We see four fundamental factors at play:

Once puzzling riddles of social and economic determinants of health no longer baffle us thanks to years of research and data gathering. We know the nature of health and health care depend so strongly on education, income level, race, geography and residence that the condition of any one depends upon the condition of all others.

New knowledge is re-engineering health care’s systems, driving how we measure the performance of doctors, hospitals, and health plans and reward their results, connect quality to patient outcomes, make performance information available to the public, redirect resources, and overcome regional and racial disparities in treatment and in health.

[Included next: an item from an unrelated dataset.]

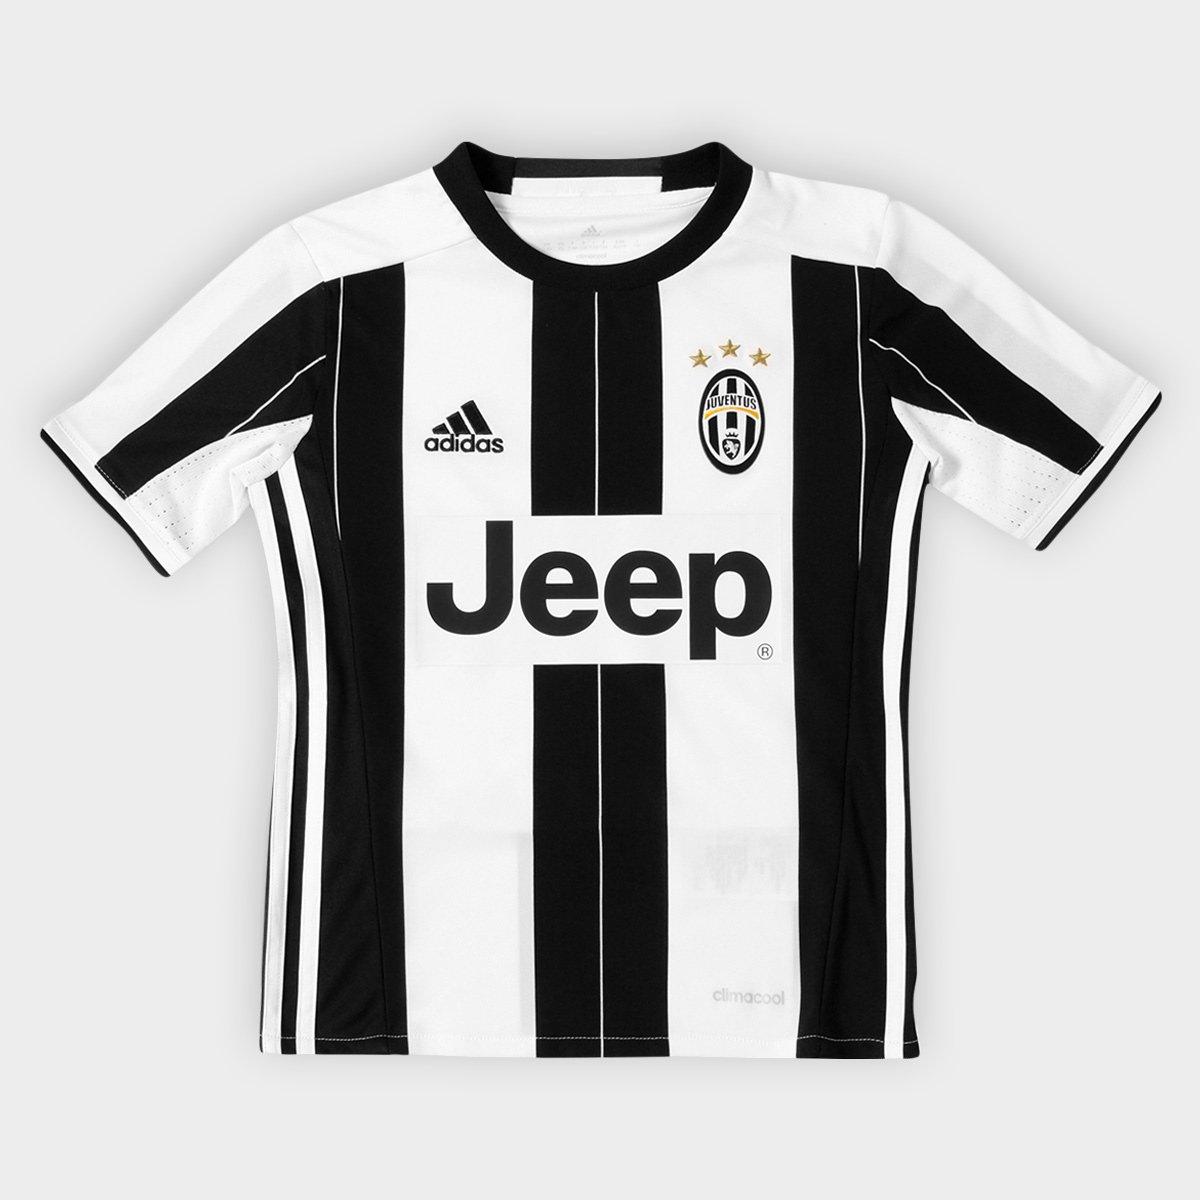 Camisa Juventus Infantil Home 16 17 s nº - Torcedor Adidas - Compre Agora  ff118e5bb4543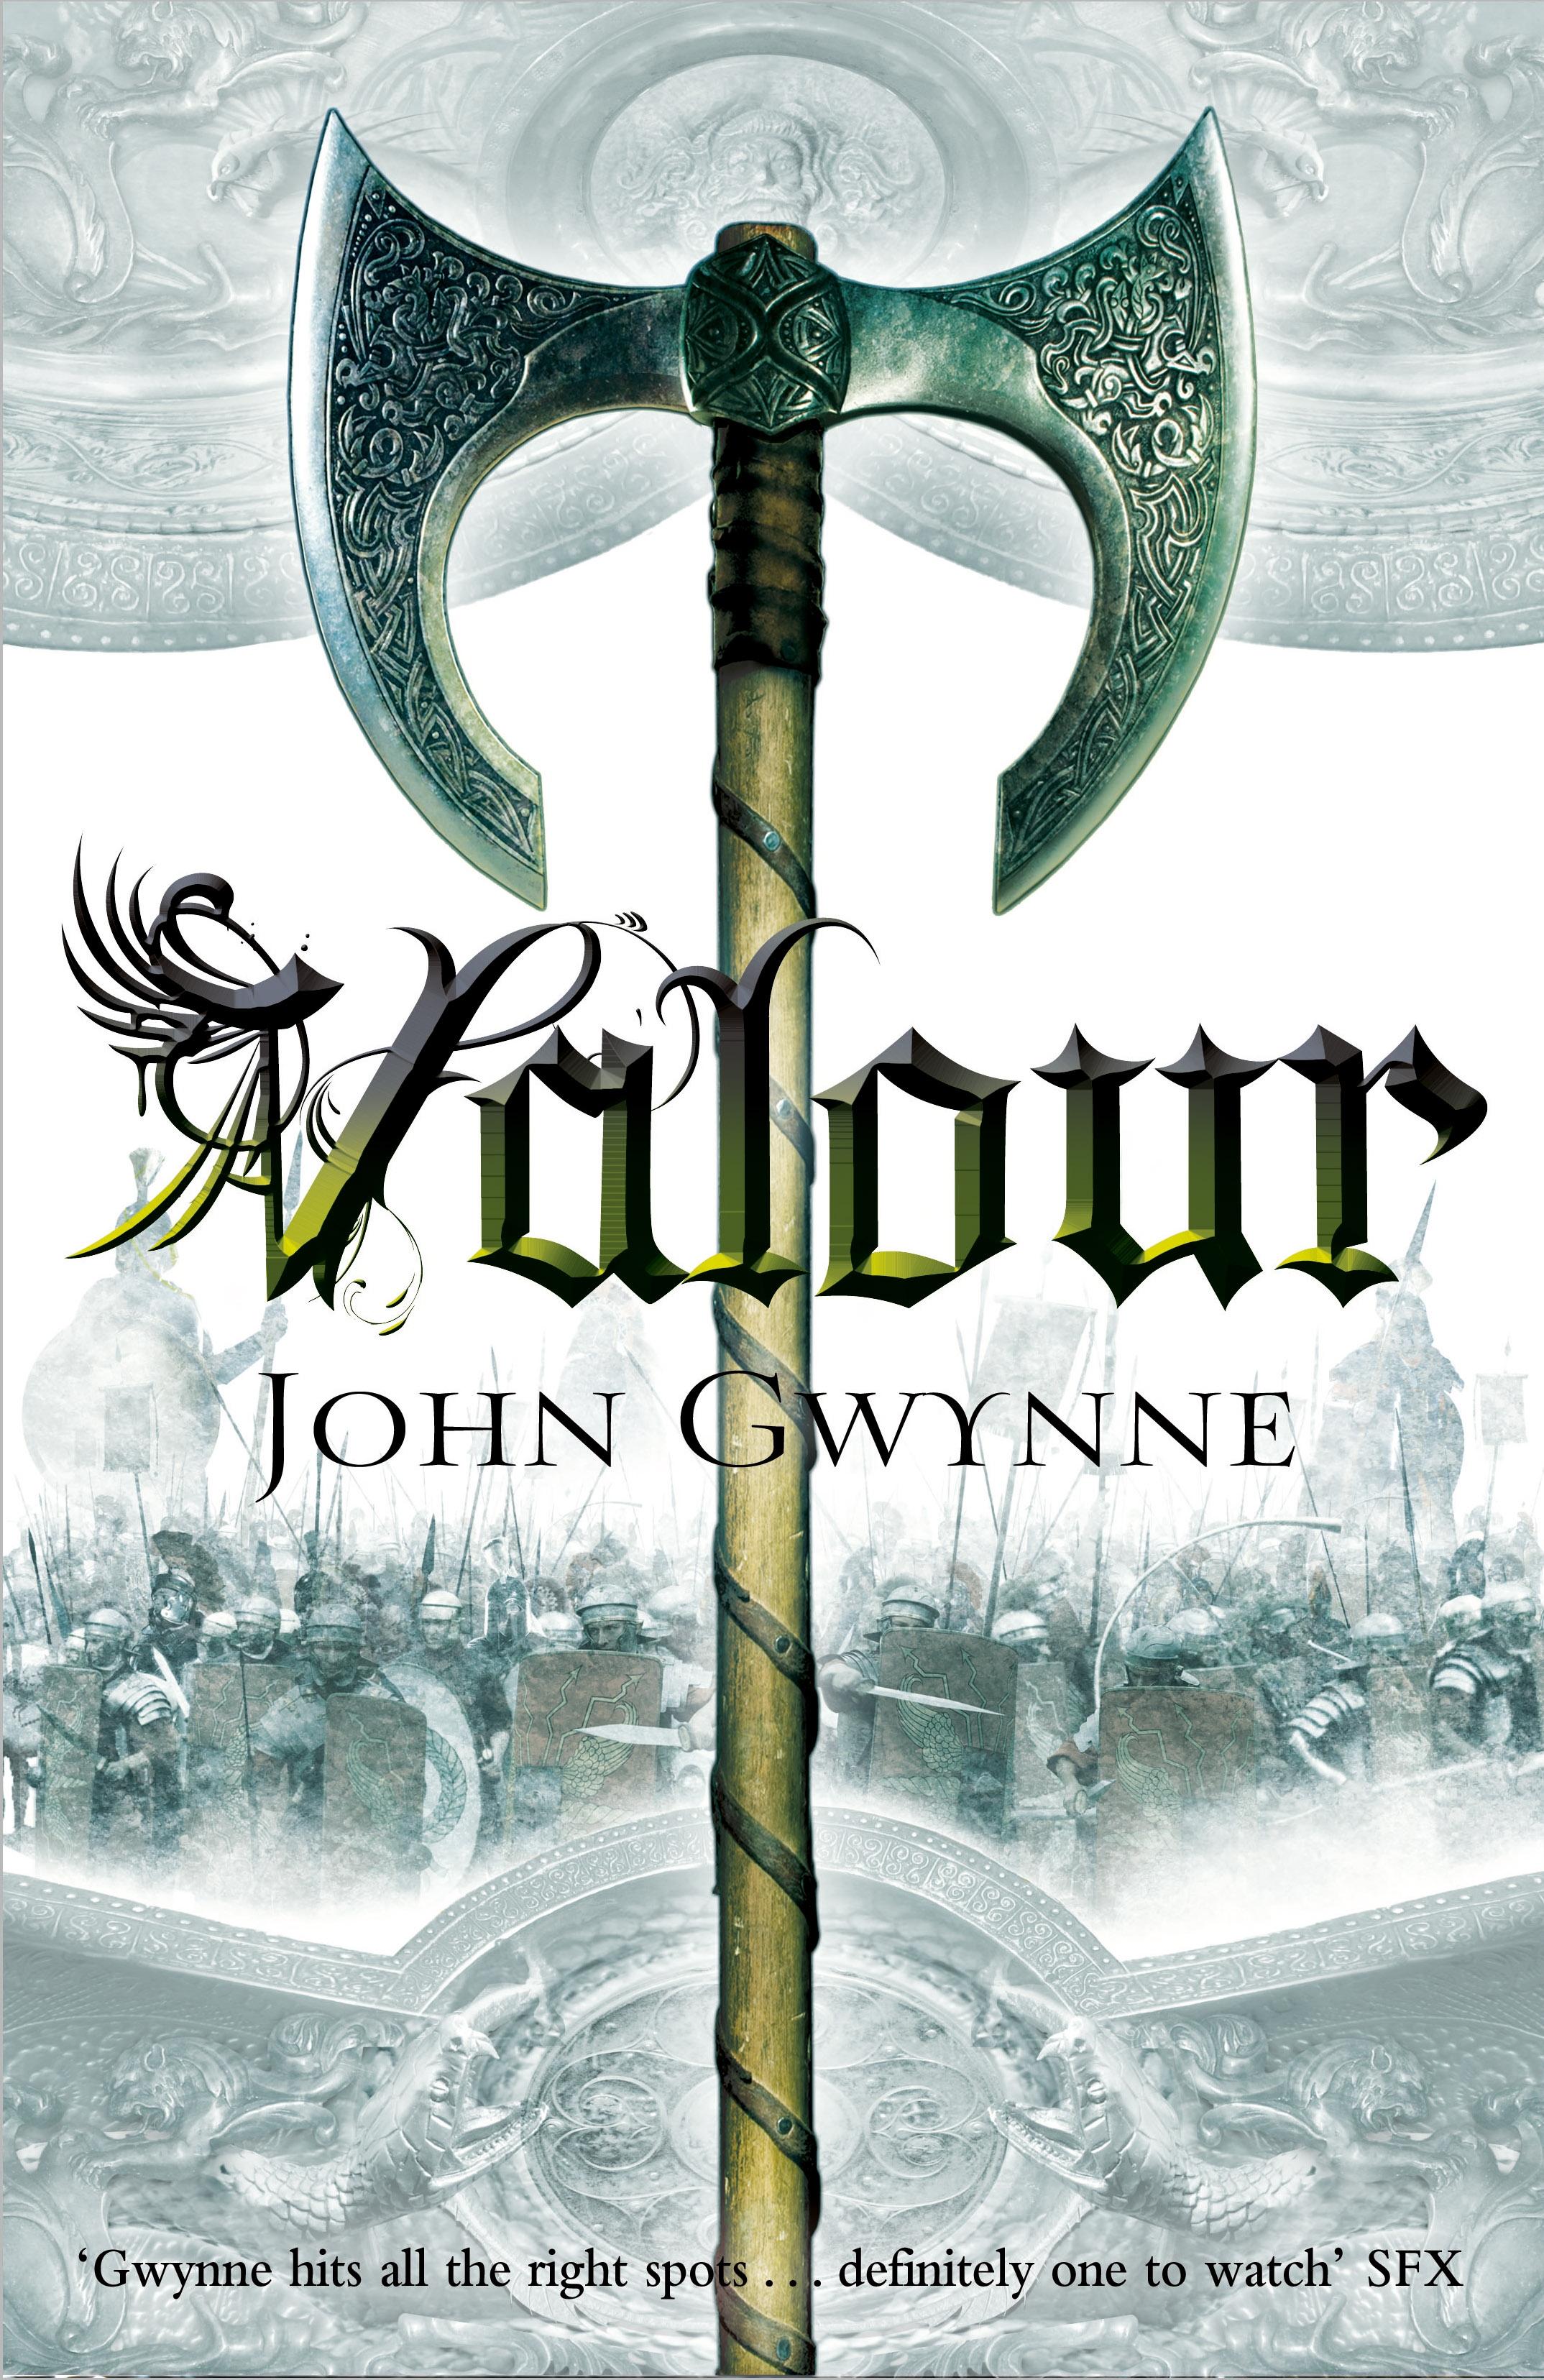 Valour John Gwynne

Knowledge has power. For political and health care leadership, not knowing is no longer an excuse for inaction. New insight and information are filling in the old blanks. Evidence is replacing guesstimates.

Improving health and health care without busting the budget or carelessly rekindling ideological fires is doable economically and politically. One study, for example, estimates spending could be cut 30 percent if we stopped providing care that is not needed.1

Reformulate the four factors and we have what we did not have before: A formula for change. It works this way:

Formula for Change
(Knowledge + Understanding) (Motivation + Action) Systems Change

The question remains: How do America’s leaders and policy-makers put the formula to work? The answer is clear: We translate our knowledge into action and we do it on a scale that hasn’t been done before. Yes, the barriers are formidable. But our health care system is in critical condition. The time to act is now and the action begins—but should not end—with coverage.